When done, run `trailblaze session save --title "login_flow"` to persist the trail.
That's the whole integration. No installation steps for the agent. No config files. No protocol plumbing.
Blaze:
blaze Drive a device with AI — describe what to do in plain English
ask Ask a question about what's on screen (uses AI vision, no actions taken)
verify Check a condition on screen and pass/fail (exit code 0/1, ideal for CI)
snapshot Capture the current screen's UI tree (fast, no AI, no actions)
tool Run a Trailblaze tool by name (e.g., tapOnElement, inputText)
toolbox Browse available tools by target app and platform
Trail:
trail Run a trail file (.trail.yaml) — execute a scripted test on a device
session Every blaze records a session — save it as a replayable trail
report Generate an HTML or JSON report from session recordings
Setup:
config View and set configuration (target app, device defaults, AI provider)
device List and connect devices (Android, iOS, Web)
app Start or stop the Trailblaze daemon (background service that drives devices)
Every trailblaze tool call takes an --objective (-o) flag that captures the natural-language intent
alongside the mechanical action:
trailblaze tool tapOnElement ref="Sign In" --objective "Tap sign in"

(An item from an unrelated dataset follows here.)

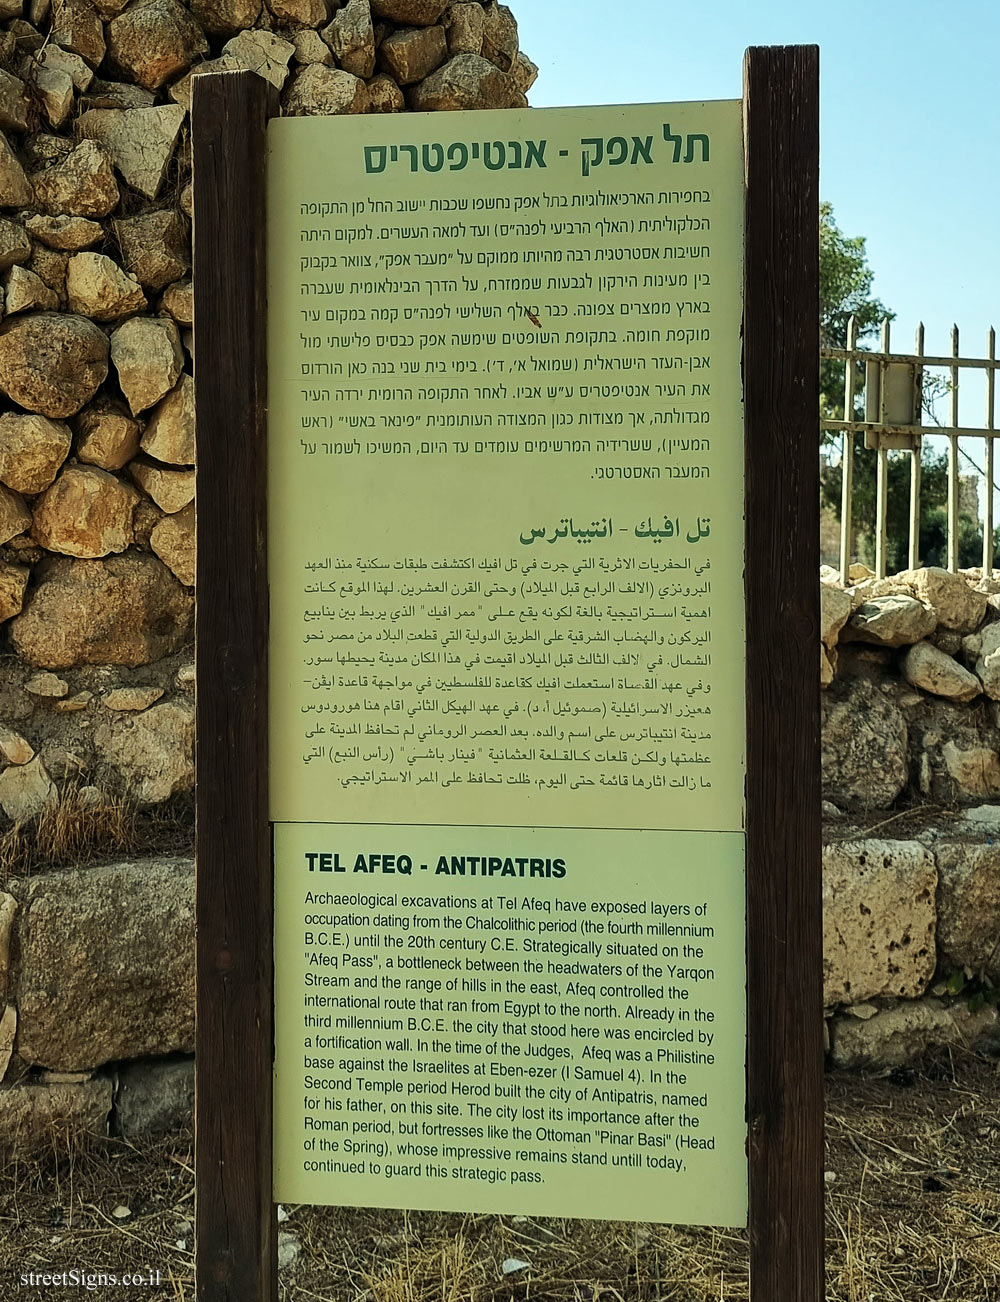 Tel Afeq - Antipatris

trailblaze tool inputText text="test@example.com" --objective "Enter email"Objectives are what make agent-authored trails durable. When the UI drifts, self-heal uses them to recover.

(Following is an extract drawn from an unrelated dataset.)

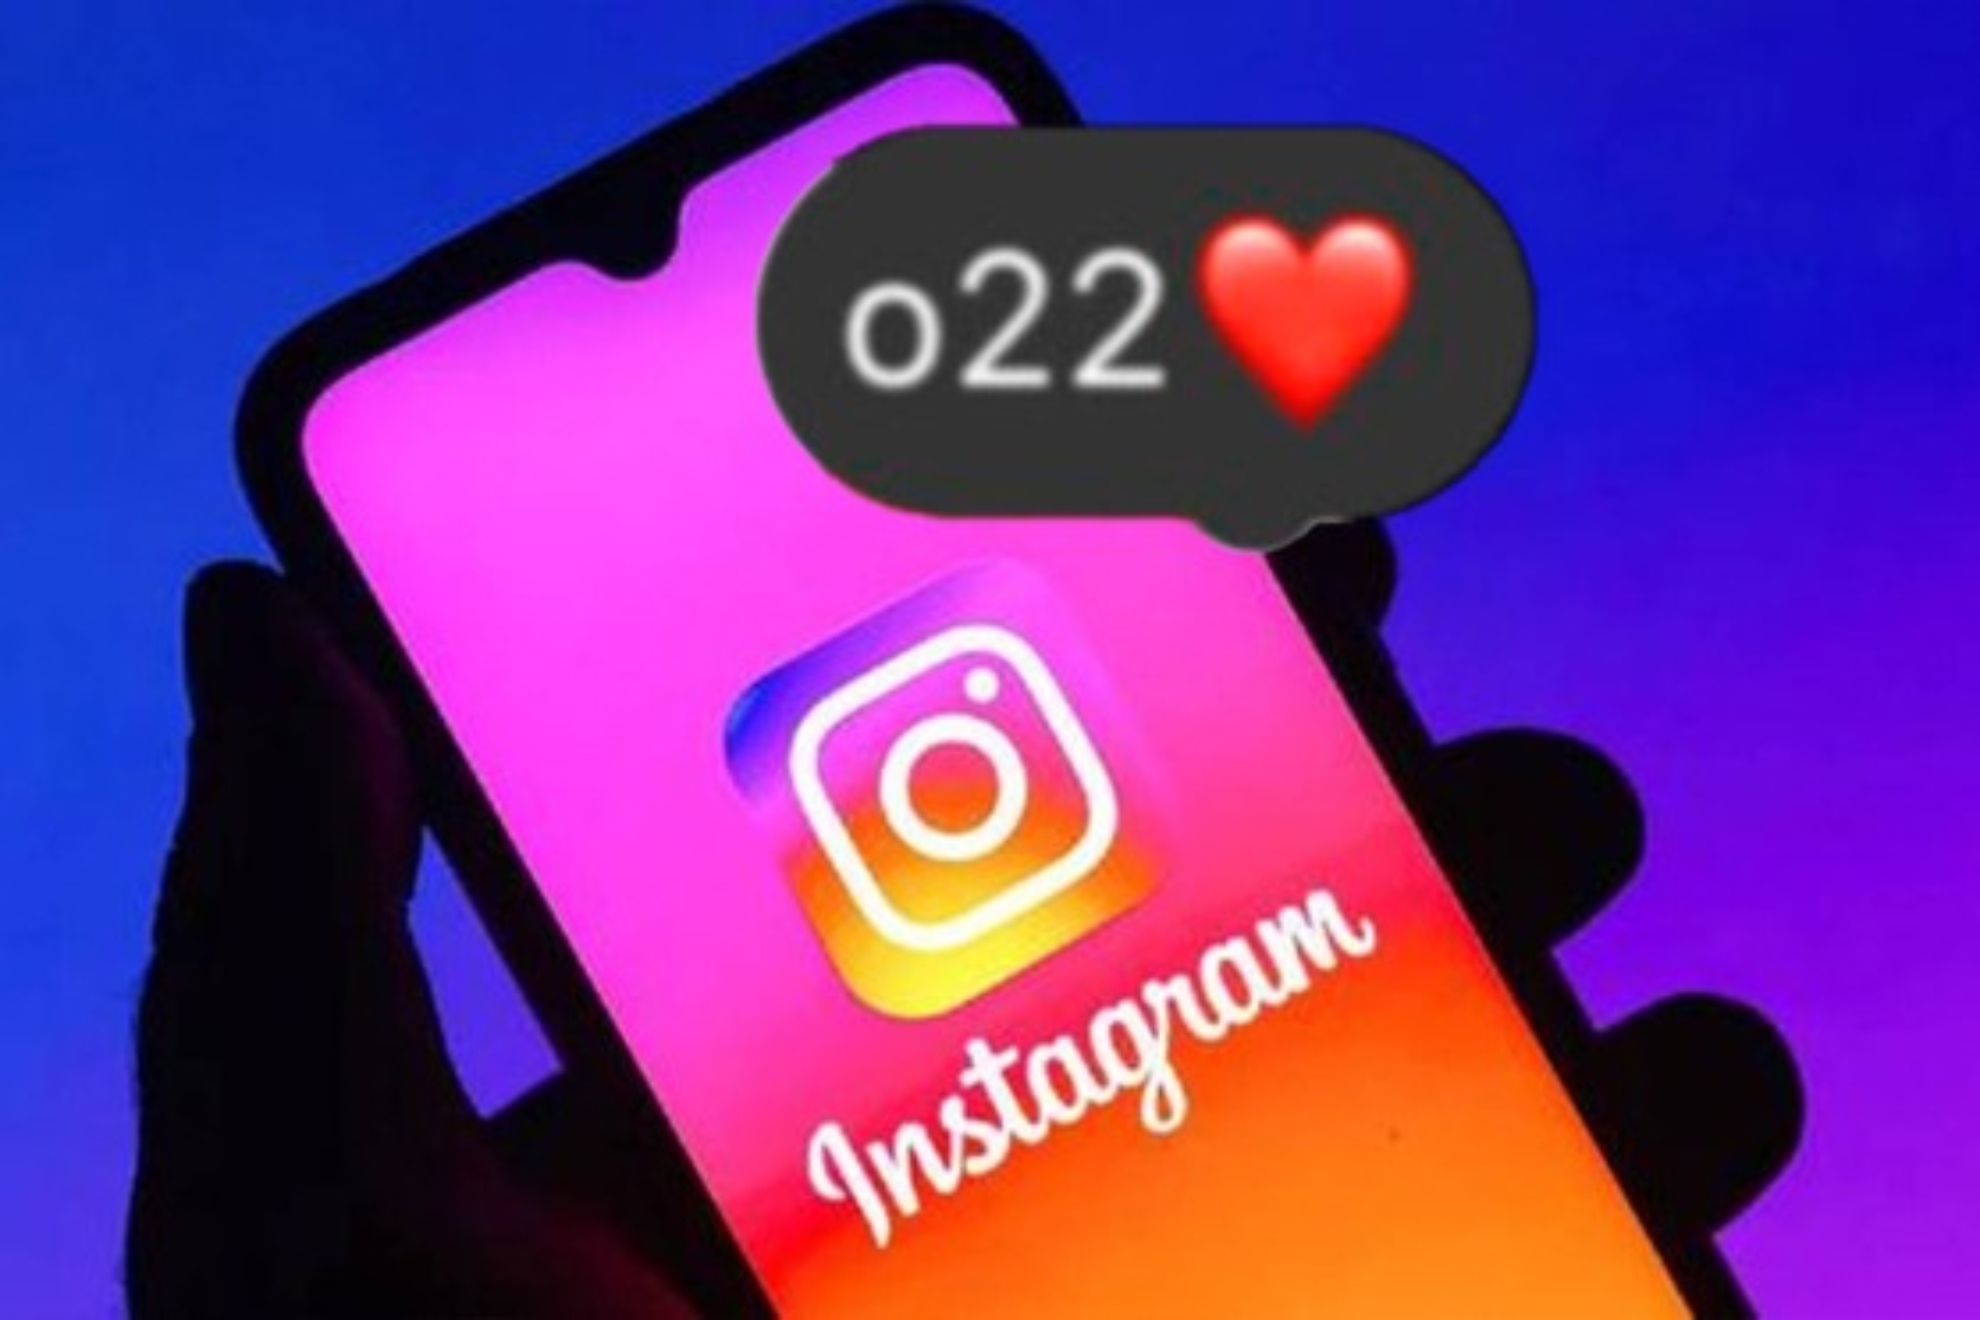 ¿Qué significa o22 en Instagram? Significado de todos los códigos en tendencia

Recorded trails replay deterministically by default — no LLM in the loop, no flake. When a recorded step
genuinely doesn't match the screen anymore, opt in to self-heal and the blaze agent steps back in to patch the
failing step and update the recording on success:
trailblaze trail flows/login.trail.yaml --self-healA real UI change becomes a one-line trail update instead of a broken build. Self-heal is opt-in: the default is fail-loud, so a flake or regression doesn't get silently masked.
Fast, deterministic, and perfect for agent feedback loops:
| Command | What it does | Needs an LLM? |
|---|---|---|
trailblaze snapshot |
Dump the current UI tree with ref IDs | No |
trailblaze verify |
Pass/fail a condition — exit code 0 or 1 | Yes (vision) |
trailblaze ask |
Ask a natural-language question about the screen | Yes (vision) |
Whatever drives the CLI — you, an agent, or CI — the output is the same portable .trail.yaml file. That trail
gets the same desktop app, HTML reports, session history, and deterministic replay across Android, iOS, and Web.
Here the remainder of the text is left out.